Lestrade peered at it. ‘Looks like a bloke,’ he said. ‘A bit effeminate, perhaps, but a bloke none the less.’
‘What?’ Hall squinted sideways, tilting his head. ‘Oh, yeah, that’s T. E. Lawrence in his Arab period. No, the other side.’
‘I can’t tell under the veil.’
‘Take it from me, she’s all woman. That’s the second youngest daughter of King Faisal – the Catherine the Great of Mesopotamia. If Le Clerk was shafting her at the time, believe me, he’d have had to have had the stamina of a mountain goat.’
‘Why are you telling me all this, Mr Hall?’ Lestrade asked.
The draughtsman leaned back, grinning broadly. ‘Because a dick from Scotland Yard doesn’t come snooping around if a guy falls off his horse. You think he was murdered, don’t you? Well, a guy with wandering hands like Alain “I’m Hung Like A Donkey” Le Clerk picks up quite a few enemies along the way – husbands, fathers, brothers; maybe even sons – I never heard he was that choosy. Any one could’ve fixed his saddle, sawed through his cinch. It’d be easy.’
‘No doubt it would,’ Lestrade finished his drink, ‘except that he didn’t die by falling off his horse.’
‘No?’
‘No. He died by poisoning.’
‘No kidding?’
Lestrade took in Hall’s open-mouthed expression. ‘Never mind, Mr Hall,’ he smiled at the doorway, the dangling drawings fluttering in the night wind, ‘however Mr Le Clerk died, someone in this camp knows more than they’re telling. Thanks for the drink. I’ll see myself out.’
The glow of dawn was already in the sky to the east as he crossed the white paths that led back to the tent he shared with Jack Holinshed. Mercifully, the man didn’t snore, but then, having spent two nights under the stars with Mustapha and his camels, Lestrade would look on every night to come as a bonus.
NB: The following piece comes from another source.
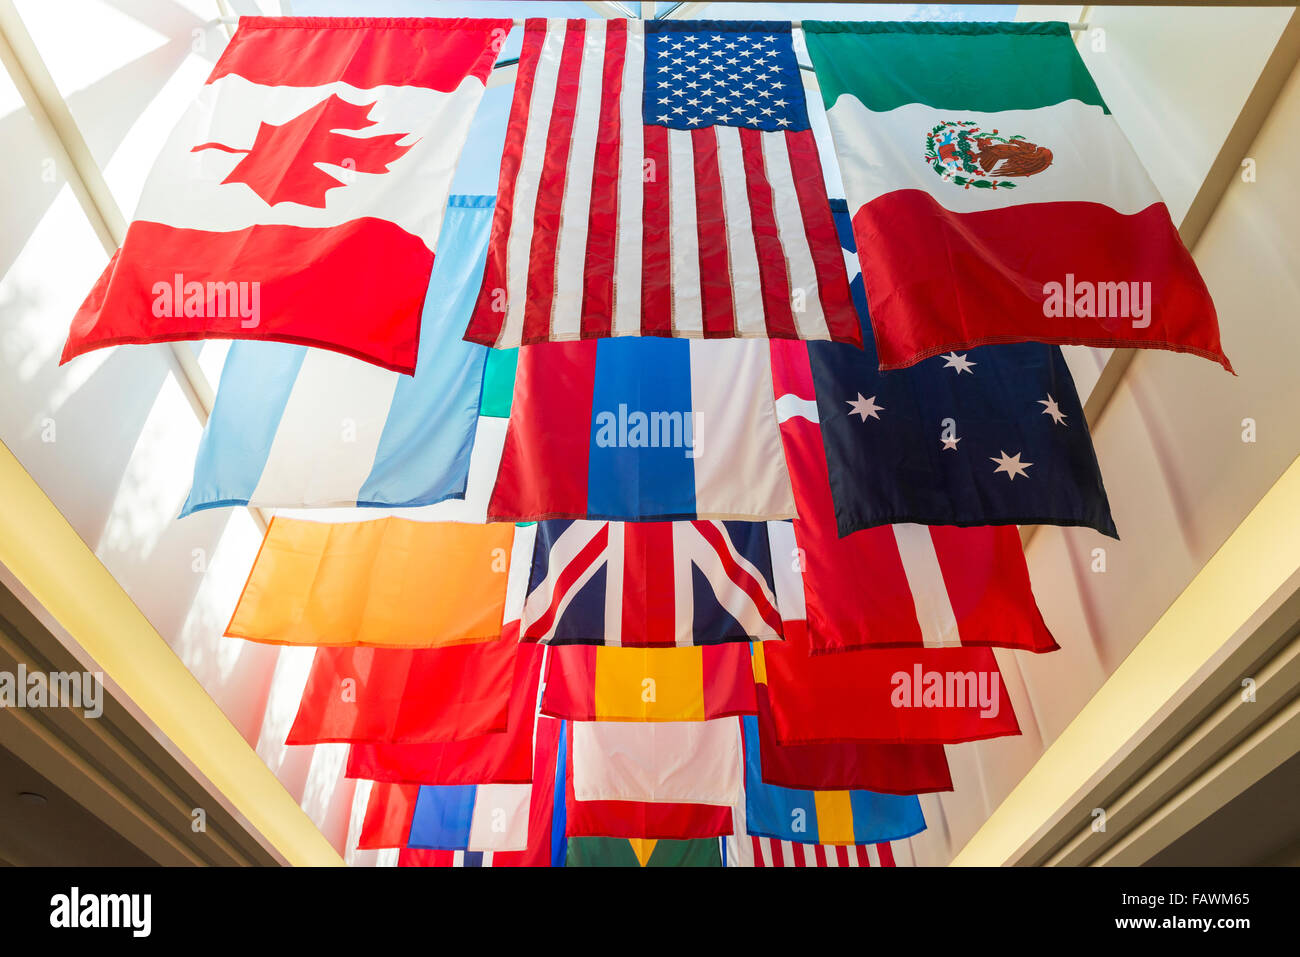 Fahnen aus verschiedenen Ländern hängen, Southern Methodist University; Dallas, Texas, Vereinigte Staaten von Amerika Stockfoto
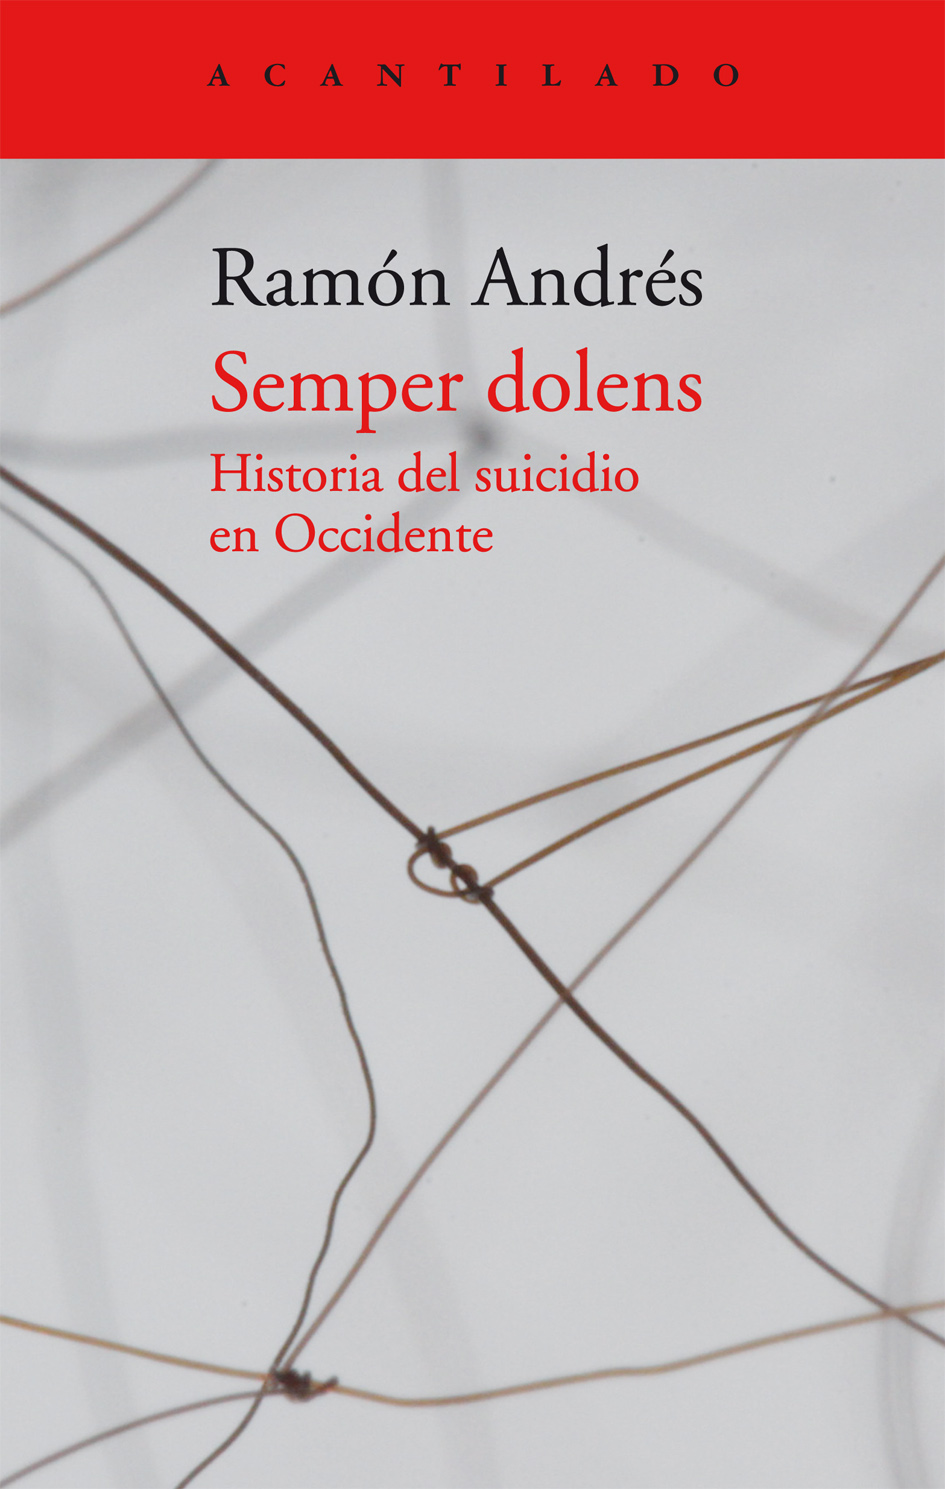 El libro nuestro de cada martes: Semper dolens, historia del suicidio en occidente, de Ramón Andrés

He really must see a doctor when he got back to Cairo, he told himself. Do something about that ringing in his ears. Come to think of it, that ringing sounded familiar. Had a ring to it, in fact. It couldn’t be, of course, but it sounded for all the world like ‘I Wish I Could Shimmy Like My Sister Kate’, the smash hit of 1922. It sounded even more like it as he rounded a spoil heap and saw a glow coming from a hole in the ground, yards away across the shale. Drawn to it like a magnet, Lestrade peered down the flight of uneven stone steps. There was a new concrete lintel holding up the roof above it, but there was definitely a faint light through the door at the bottom and the muffled ragtime tune seemed louder here. There was no one in sight. The small army of fellahin, engaged all day in hauling rocks and sieving sand under the merciless sun, were huddled under canvas, already pointing to the east for morn- ing prayers. Somewhere, a camp dog whined and turned over in its sleep, chasing hares under its moon of dreams. Lestrade could see Hanger’s Ford and Carter’s Oakland axle deep in the white sand. The sand that choked and burned and stung. But there were no guards. For all that Lestrade stood on the edge of the greatest find in the history of archaeology, no one challenged him; no one called ‘Who goes?’ So down he went.
The walls were white with granite dust, scarred with ancient chisels and the steps threw him inexorably to the left. It came as no surprise to anyone but Lestrade therefore when his forehead collided with the corner of the concrete lintel and he took two paces sideways before his vision cleared again. Ahead of him stretched a bleak corridor, its walls as scarred as those he’d just passed. The glowing light was brighter through an opening at the far end, and that clearly was where the scratchy tune was coming from. It was cold down here, like ice in the dead of night, before the dawn, and Lestrade moved quickly, flapping his arms to keep his circulation going. The thud of his own heart was louder than his feet on the earth floor and try though he might, he could not match the rhythm of the music.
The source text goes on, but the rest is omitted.